# Server Upgrade



## Jezlad (Oct 14, 2006)

Right guys, thanks to everyone thats been contributing to the ongoing server drive we're able to upgrade the server.

For those interested we've upgraded to a dedicated server 



> Processor: Intel Q6600 Quad Core
> RAM: 2GB DDR SDRAM
> HD1: SATA Drive (7,200 rpm)
> (+250 GB 7200 RPM SATA hard drive)
> ...


This upgrade does come with drawbacks though, you'll notice that we've lost a few hours postings. 

It's something that I'm unable to help though, the eta on the upgrade was anytime from day 2 to 5 so switching the site off for the duration wasn't an option.

Sadly, anyone that registered on the site between 8pm last night and now will have to do so again.

If you have any questions let me know via pm or the contact form and I'll answer/help to the best of my ability.

Jez


----------



## ClassyRaptor (Apr 7, 2010)

I was wondering where my posts had gone. Now I know thank you Jez.


----------



## Jdwoogie (Jan 13, 2010)

does this mean that the site won't be so slow now?

woog out!


----------



## maddermax (May 12, 2008)

Might be an idea just to send a general PM to everyone, just to let them know some posts have been lost, otherwise they might be left wondering what happened. Other than that, it seems to have gone pretty smoothly, well done :good:


----------



## KingOfCheese (Jan 4, 2010)

I noticed that the new dedicated server is with Hostgator.
What are their dedicated servers like?
Was the previous hosting account through Hostgator?
I have heard mixed opinions about them.

Also, what are the plans for your other website "war gaming news"?

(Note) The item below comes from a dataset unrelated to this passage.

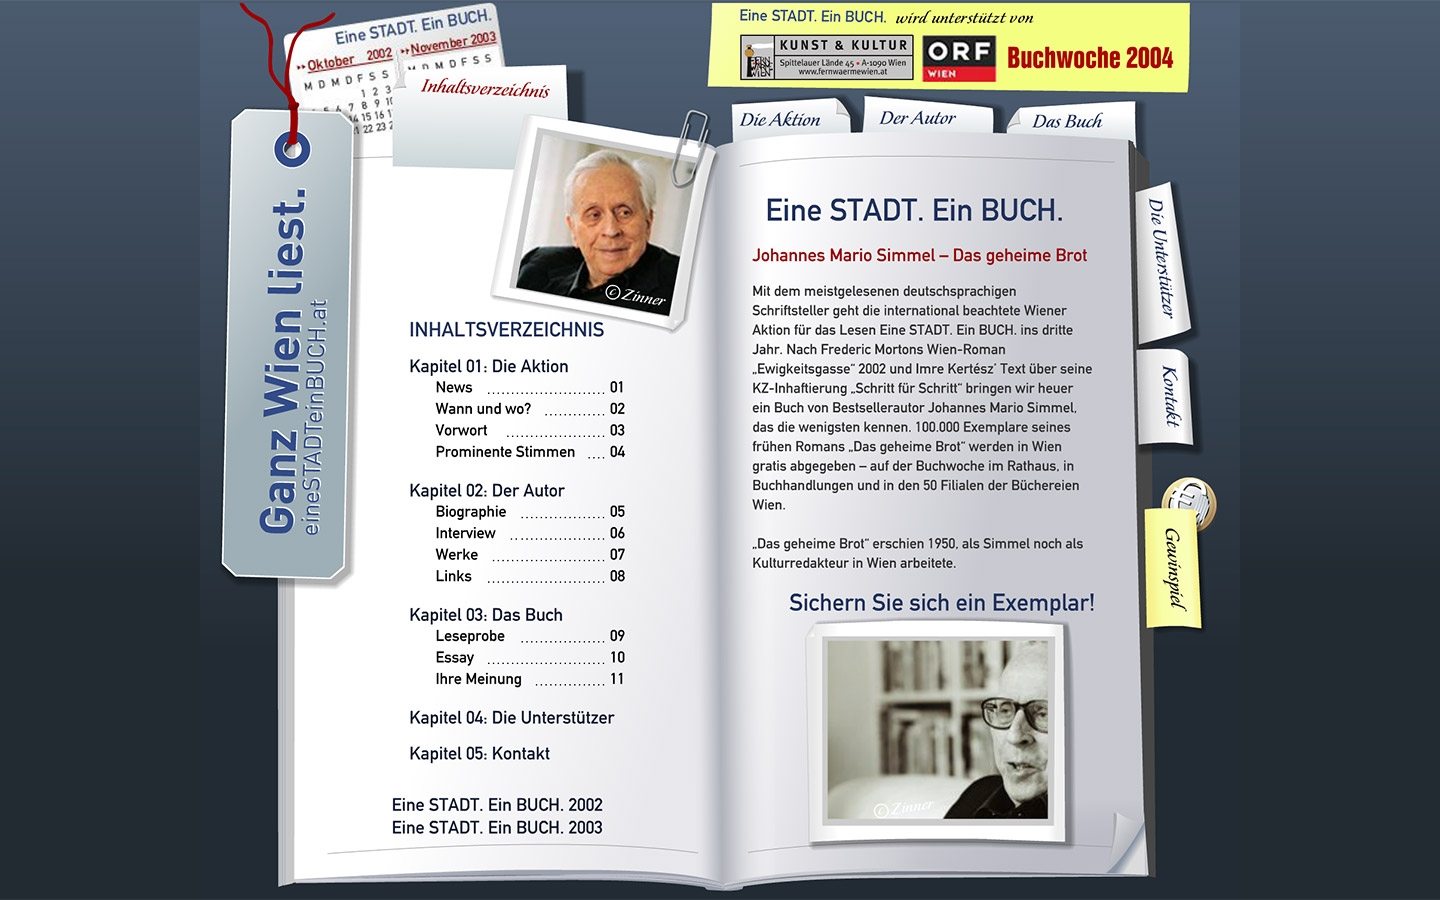 Eine Stadt. Ein Buch. 2004 | einestadteinbuch.at | 2004 (Screen Only 02) © echonet communication
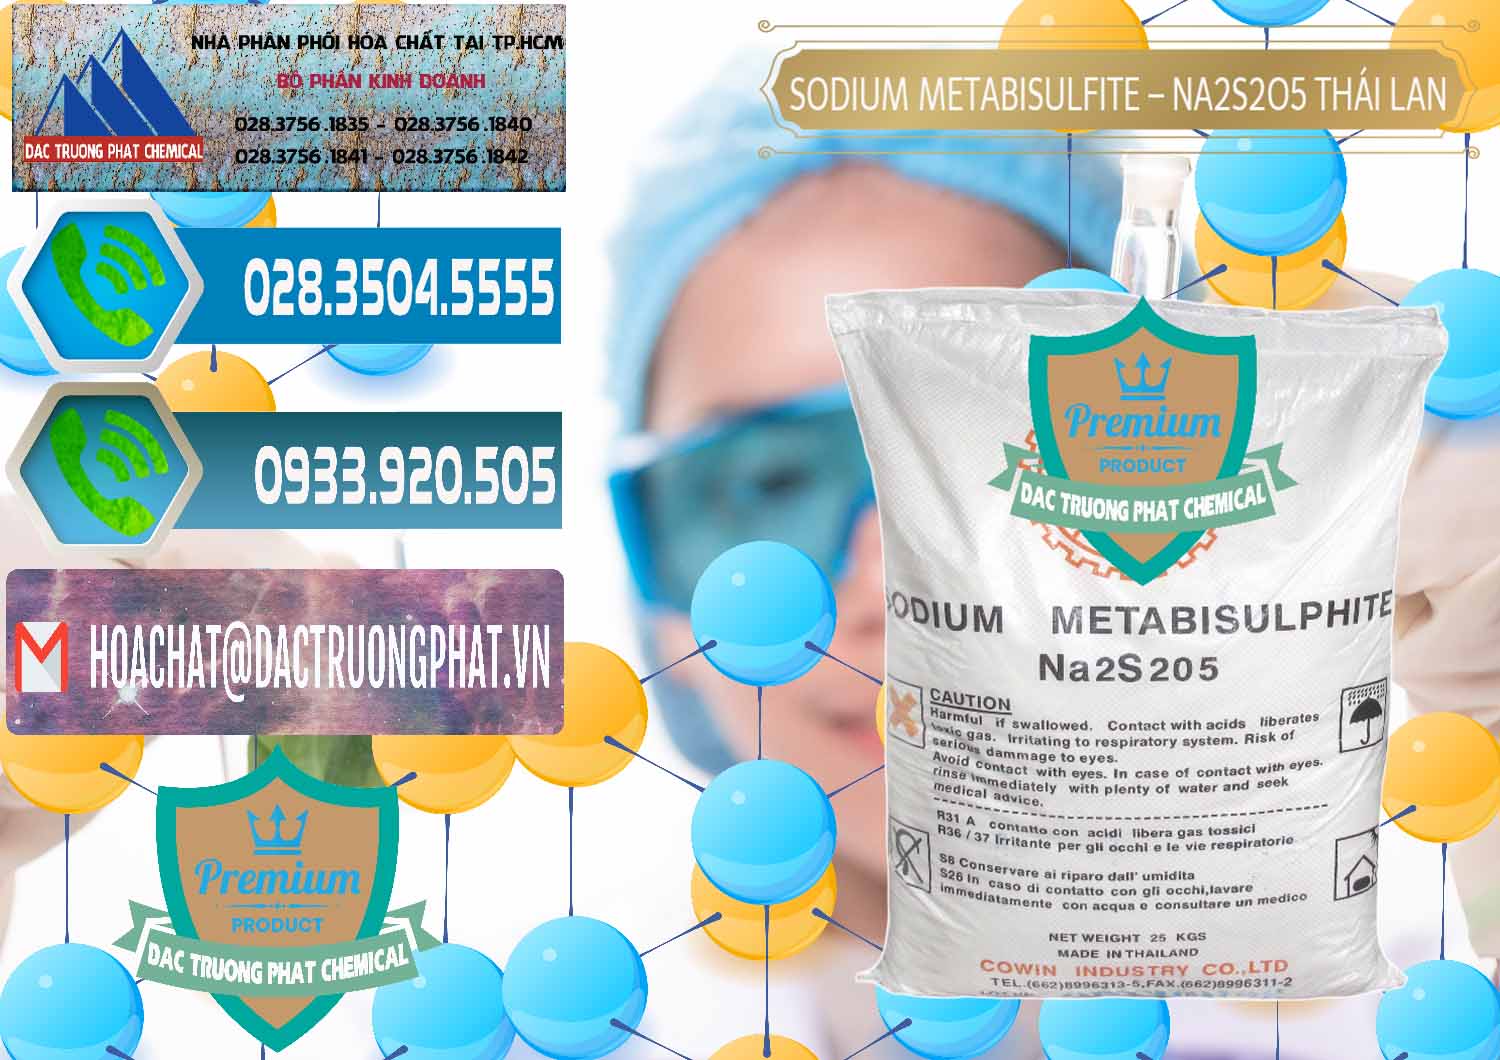 Cty chuyên bán - phân phối Sodium Metabisulfite - NA2S2O5 Thái Lan Cowin - 0145 - Nhà cung cấp _ nhập khẩu hóa chất tại TP.HCM - congtyhoachat.net

P.S. You might want to consider some privacy protection regarding whois.


----------



## Jdwoogie (Jan 13, 2010)

and to those who use the arcade... some high scores were lost as well!!!!

woog out!


----------



## Baron Spikey (Mar 26, 2008)

Meh I'm a gabby fellow, anything I wrote that's lost can just be rambled about again. Plus the Heresy downtime gave me a chance to go over to the BoLS Lounge to annoy people over there


----------



## Jezlad (Oct 14, 2006)

KingOfCheese said:


> I noticed that the new dedicated server is with Hostgator.
> What are their dedicated servers like?
> Was the previous hosting account through Hostgator?
> I have heard mixed opinions about them.
> ...


The new server is with the same host Liquidweb. The domain is with Hostgator.

You're looking at old information, plus the whois doesn't display private details.


----------



## Marneus Calgar (Dec 5, 2007)

I did not cope very well in the downtime


----------



## Styro-J (Jan 20, 2009)

It all makes sense now! I thought my Army List thread got pulled! 

My mind is officially at ease.


----------